__Exercise__
Below are records with pictures. Transcribe exactly, and only, the lines from the line with "42 Gallon 3 MIL Contractor Bags" to the line with "TERMS of REFERENCE", both ends included, but not the pictures.

__Extracted data__
# # #
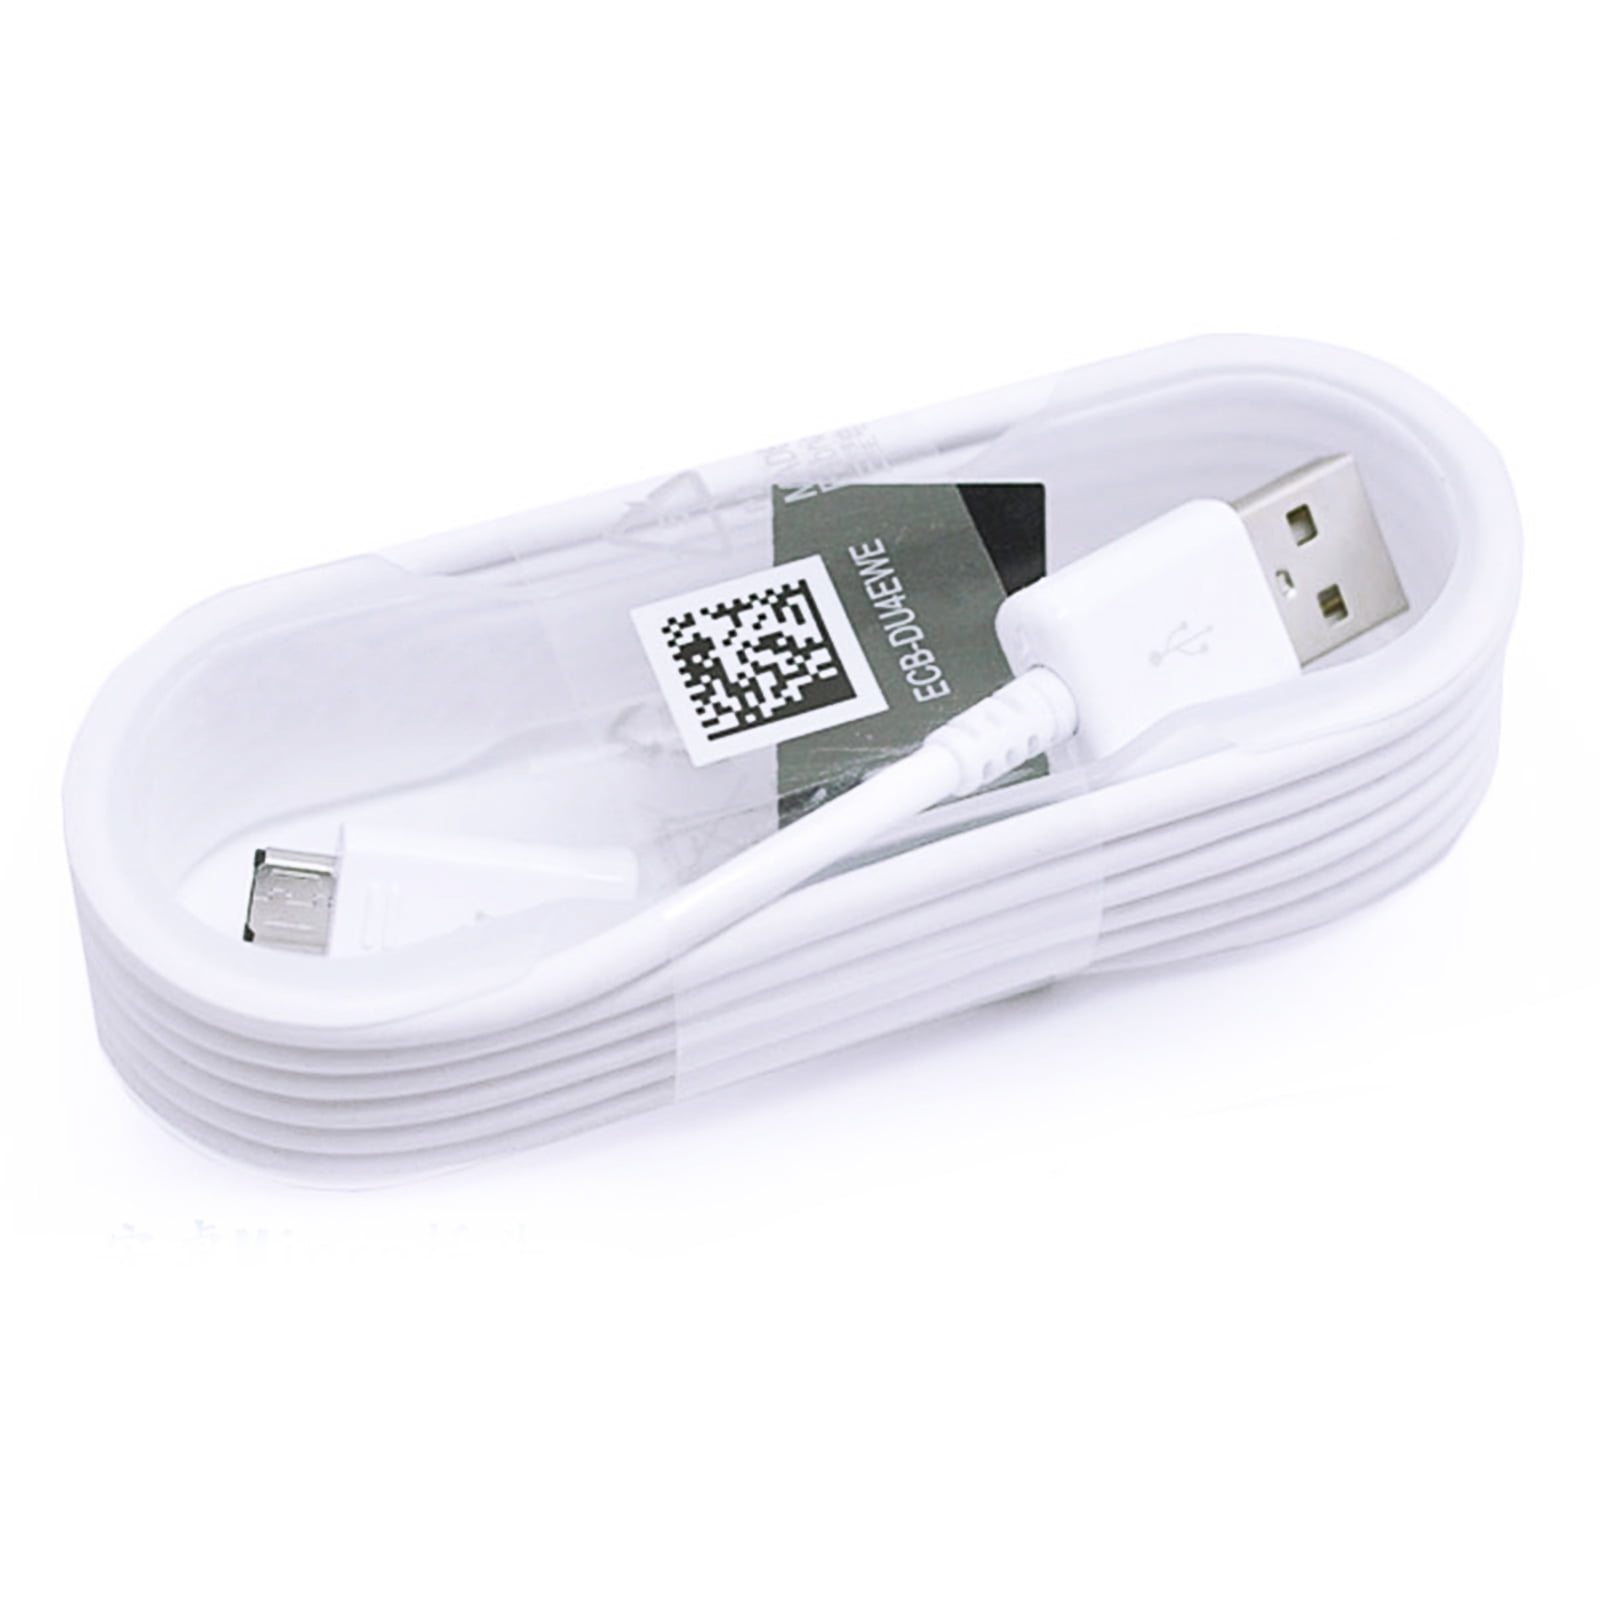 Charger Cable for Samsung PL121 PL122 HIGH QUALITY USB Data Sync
# # #
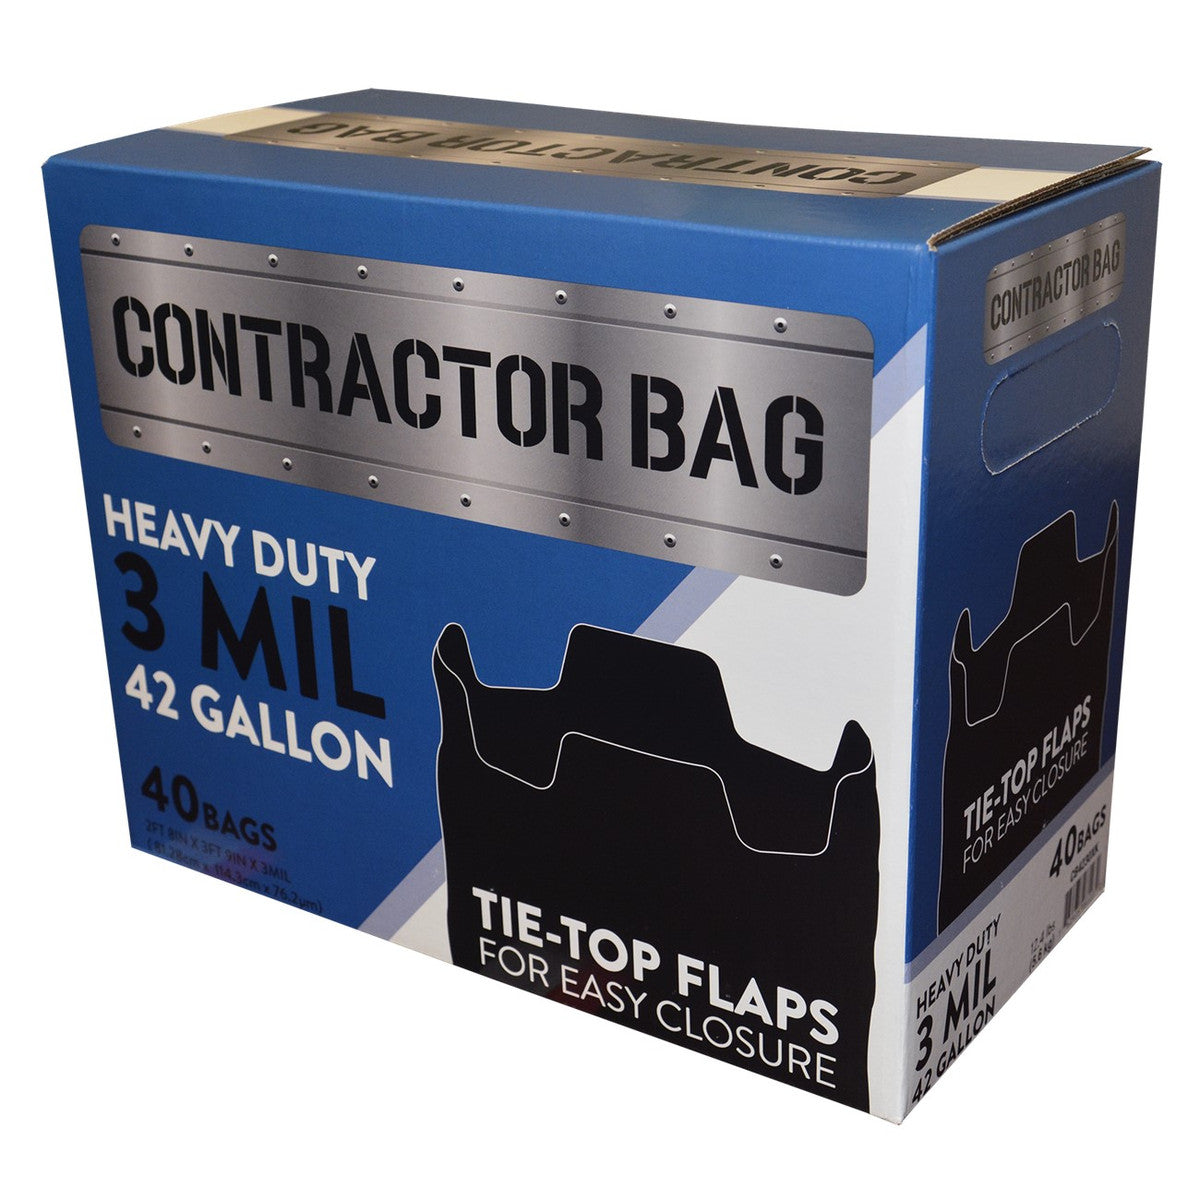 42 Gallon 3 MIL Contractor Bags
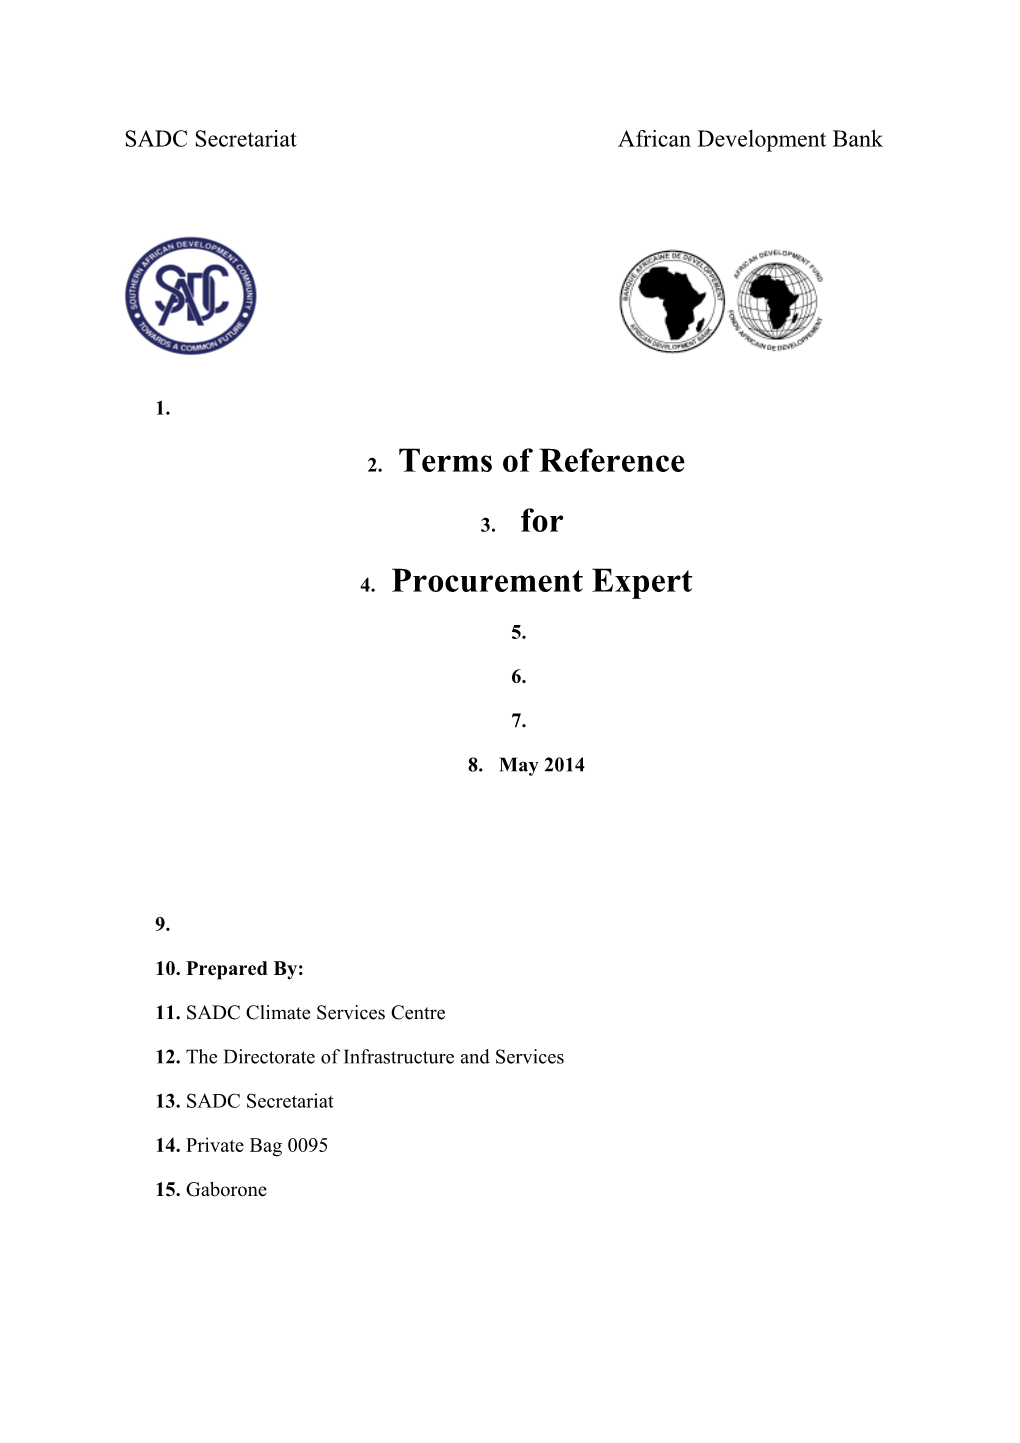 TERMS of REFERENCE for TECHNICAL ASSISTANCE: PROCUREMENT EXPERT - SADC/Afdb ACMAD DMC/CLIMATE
# # #
__Solution to this problem__
 42 Gallon 3 MIL Contractor Bags
 TERMS of REFERENCE for TECHNICAL ASSISTANCE: PROCUREMENT EXPERT - SADC/Afdb ACMAD DMC/CLIMATE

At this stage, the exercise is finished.